According to Franklin Weine, most of the endodontically treated teeth often failed subsequently to root canal therapy in arrears to poor post endodontic restoration rather than the primary endodontic cause 4. The use of intraradicular posts is indicated for esthetic and functional rehabilitation in endodontically treated teeth that have lost 50% or more of their coronal structure and specifically cast posts where only 25% of the tooth structure is retained. Anterior teeth with Ellis class – 3 fractures often necessitate placement of cast post. Endodontically treated posterior teeth with high occlusal loading, mesial and distal cavities or cervical abrasion, definitely require intraradicular posts for better retention of the core and also to improve the fracture resistance of the tooth 5.

A wide variety of post systems are available ranging from traditional cast metal posts to newer pre-fabricated fiber and threaded posts. The accessibility, less time consumption for fiber posts along with the available laboratory and clinical evidence authenticates the utilization of fiber posts as an alternative to metal posts. With the advent of prefabricated posts, the use of custom posts has faded away lately owing to the perplexity of its technique.

Despite the constant criticism, cast metallic cores have been used for decades, which is a gold standard treatment regime where the extent of tooth structure loss is significant and maximum retention is required. Custom posts are also very versatile, allow better geometric adaptation to the root canal despite differences in root configurations and angulations, confirm the canal morphology and present satisfactory performance in many long-term clinical studies 6. The major technical difficulties in achieving the perfect fit of custom post rely upon various factors including preparation of an ideal post space corresponding to its morphology without undercuts, accurate impression making of the post space, shrinkage of various materials used for direct or indirect impression technique, voids in material and distortion of the replica. Regardless, the method of fabrication of cast post requires multiple visits.
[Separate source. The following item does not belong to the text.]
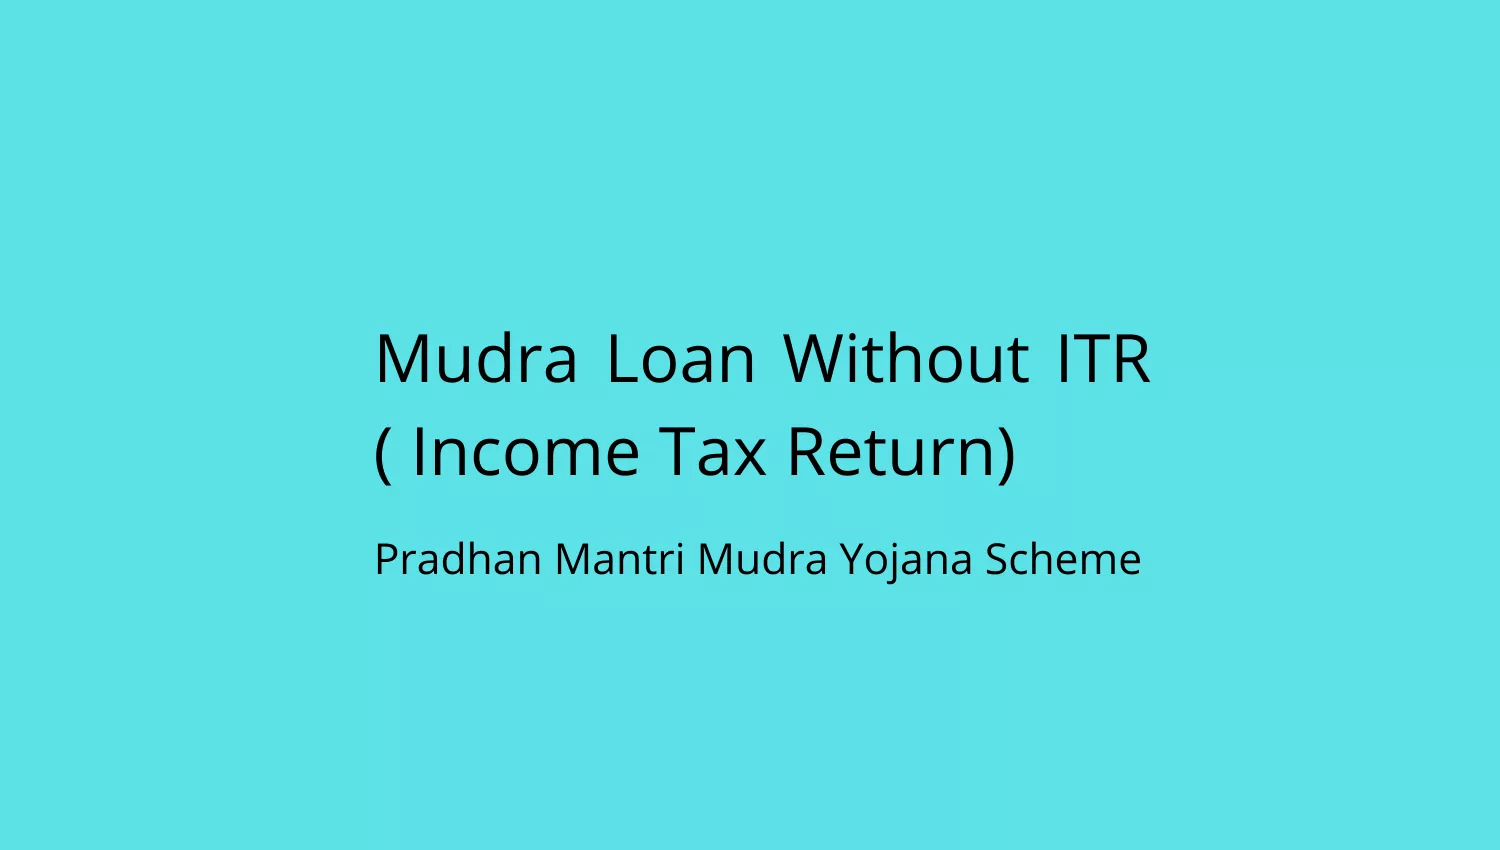 Mudra Loan Without ITR Income Tax Return

To the best of our knowledge even with the latest intraoral scanners, post space cannot be read because of the depth reading limitations of light beam throughout the length of the post space leading to fabrication of inaccurate and shorter posts 7. In the era of virtual designing and 3D imaging, the fabrication of custom post is still a toilsome task for dental practitioners. Nevertheless, this article emphasizes a breakthrough in the fabrication of custom post using cone-beam computed tomography (CBCT) and Computer-aided designing (CAD-CAM), thus named DIGI POST.

Digi Post Technique:
Traditionally, the replica of post space is obtained by a direct technique using a wax pattern or putty silicone impression which is susceptible to voids, inaccuracy is frequently encountered despite having a good armamentarium. An accurate post space impression is an integral prerequisite for fabricating an accurately fitting post.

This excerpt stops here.